Hideous Commentary

Besides being not funny, Tony Kornheiser's Aug. 27 Sports column, "Skip the Hamm, Dig Into the Hogs," was offensive. Your paper should not publish an article mocking gold medal winner Paul Hamm's voice and calling gymnasts "hideous munchkins."

-- Susan Fusi


Arrogant Anthem Article

The Aug. 26 Style article "Changing Our Tune," about Peter Breiner's "genteel, romanticized orchestration" of "The Star-Spangled Banner" for the 2004 Olympics, was a new low from the supercilious snobs of your newspaper. I hope that most Americans still consider the national anthem to be heroic. Thankfully New York Times writer Maureen Dowd didn't compose the anthem, with her love for "peaceful, soothing strings." I'm sure this article was a real keeper for the French.

-- Anthony Neglia


Mixing Oil and Water

Jim Hoagland [op-ed, Aug. 29] writes of "pouring oil on the fire and drawing U.S. forces deeper into confrontation." Sadly, he confusingly and erroneously combined two metaphors, and his editors failed him (and us). I assume he intended "adding gasoline to the fire" (or flames), rather than "pouring oil on the troubled waters."

-- Claude Kacser


Martial Arts Misjudgment

Please tell Stephen Hunter that many Asian Americans, most of whom try not to be too politically correct, do take offense to the term "chopsocky" [Style, Aug. 27]. Such a term, coined by ignorant critics during the 1970s influx of martial arts film imports, is about as sensitive a term as Shaquille O'Neal's "ching chong yang wah ah so" comment last year or Calgon's "Ancient Chinese secret" catchphrase of the late '70s. Hunter should use a thesaurus if he doesn't want to use the term "martial arts" too often in a single review.

-- Kenneth Cho


Evict This Tenant

Sally Jenkins [Sports, Aug. 28] says that an Iranian athlete's refusal to wrestle an Israeli violated "every rule and tenant of the IOC charter." Well, at least no one upset the landlords! "Tenet," not "tenant," is what Jenkins surely meant.

-- Jon Siegel


Who Kneads Grammar?

I read Peter Brodie's Aug. 21 Free for All letter, "The Best Grammarian." Me is going to write Brodie personally. Him has the right idea. We don't need no snooty grammar know-it-alls telling us how to write or speak.
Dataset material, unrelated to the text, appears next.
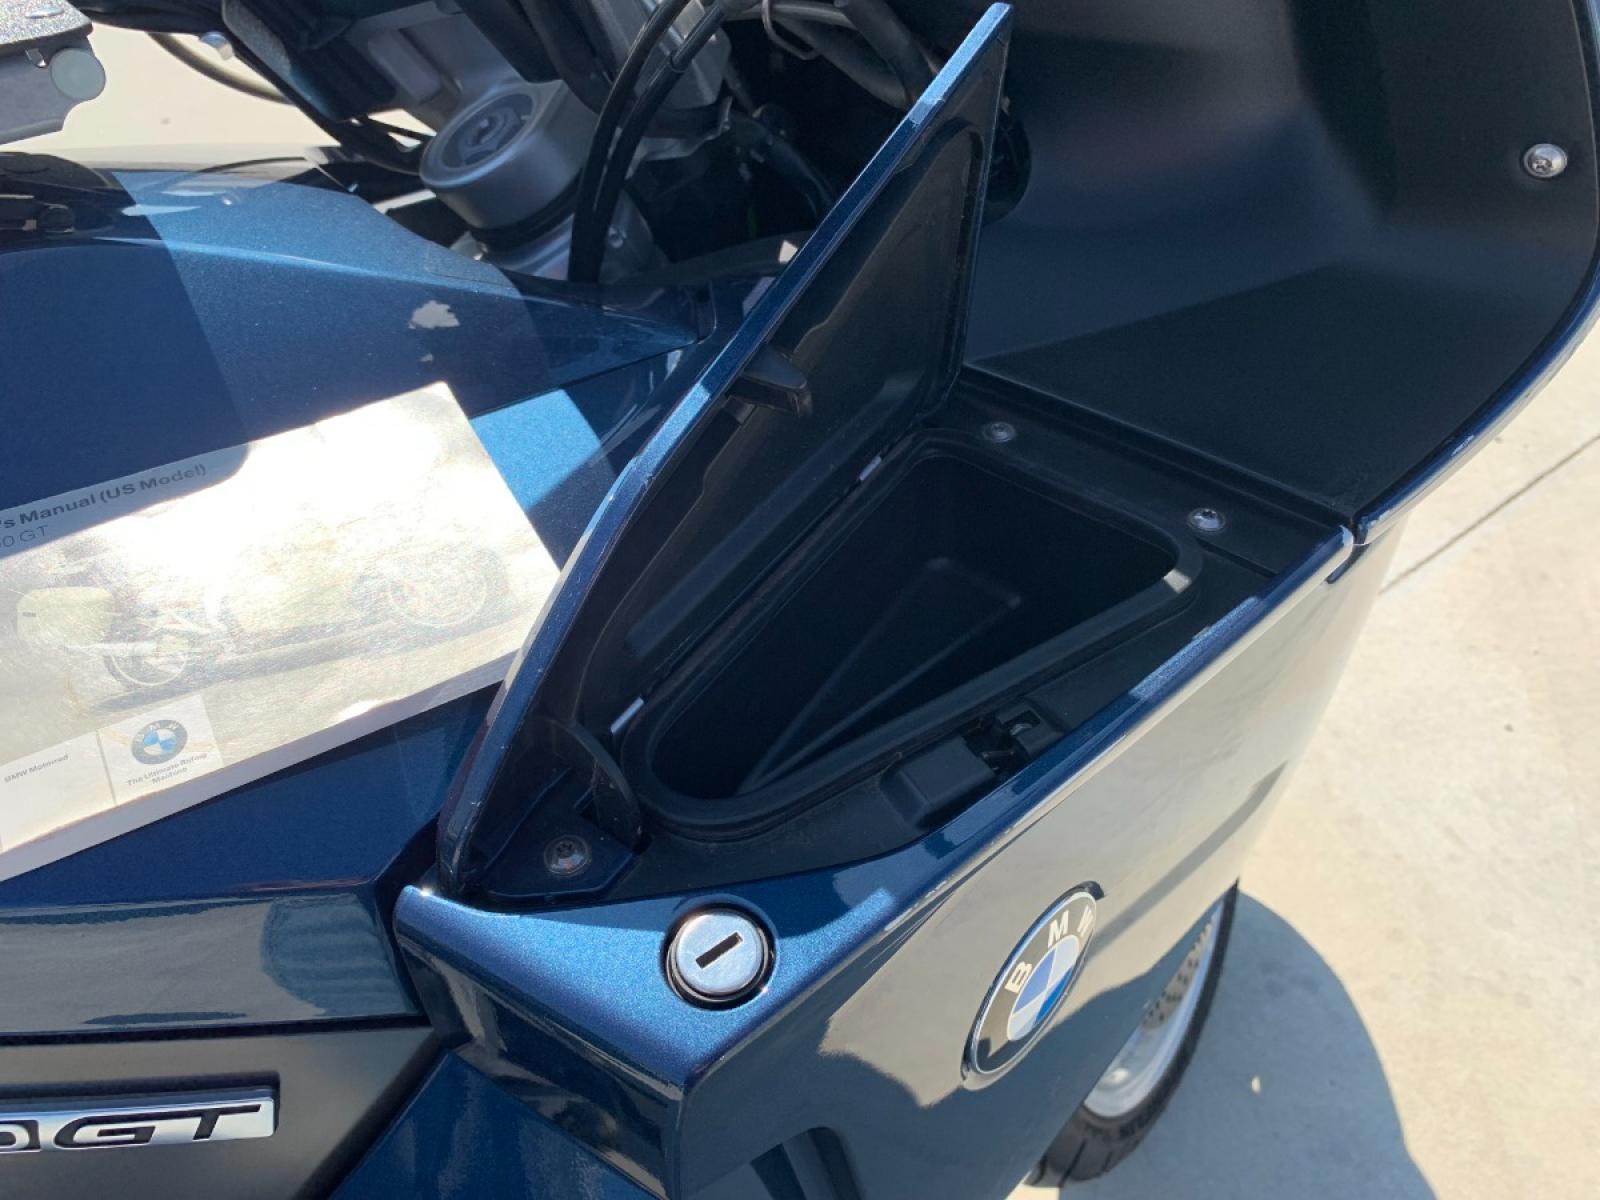 2007 BLUE BMW K1200GT K1200 (WB10597087Z) with an 1157CC engine, located at 17760 HWY 62, MORRIS, 74445, 35.609104, -95.877060 - THE 2007 BMW K1200GT IS A SPORT-TOURING MOTORCYCLE MADE BY BMW. THE SECOND GENERATION K1200GT, INTRODUCED IN 2006, USES ESSENTULY THE SAME INLINE-4 ENGINE AS THE BMW K1200S SPORTSBIKE, WHICH HELD THE WORLD SPEED RECORD IN 2005 FOR ITS CLASS AT 279.33 km/h (173.57 mph), AND THE K1200R. THE NEW MODEL - Photo #12

I got together with five of my buddies and between us we agreed that grammar is a lot of junk. That their is the kind of stuff we don't need. The same goes for spelling.

Can you imagine, their's three ways of spelling one word! There, their and they're. We need more perfect communication, not more rules. And don't tell me the word perfect can't be modified. "More perfect" was good enough for Thomas Jefferson when he wrote the Declaration of Independence. If from what I'm inferring, you're implying that I agree with Brodie, you may be off the mark.

-- Albert Diaz


The 'Real' Chevy Chase

I found your description of where Joyce Hadl, the murdered 71-year-old social worker, lived both odd and inaccurate [Metro, Aug. 27]. How is it that she lived "near Chevy Chase"? That makes it sound like a mysterious unincorporated area of Montgomery County, where residents receive mail addressed, presumably, to "Near Chevy Chase, MD 20815."

People who live in the tonier parts of Chevy Chase, such as Chevy Chase Village or Martin's Addition, no doubt do not consider Hadl's Rock Creek Forest neighborhood "real" Chevy Chase. (After all, houses there sell for a mere $600,000 or so -- a positive slum!) But the fact remains that Hadl's mailing address is Chevy Chase. Maps show that the border of Chevy Chase extends to Grubb Road, two or three blocks east of Hadl's house.

Like it or not, where she lived is part of Chevy Chase.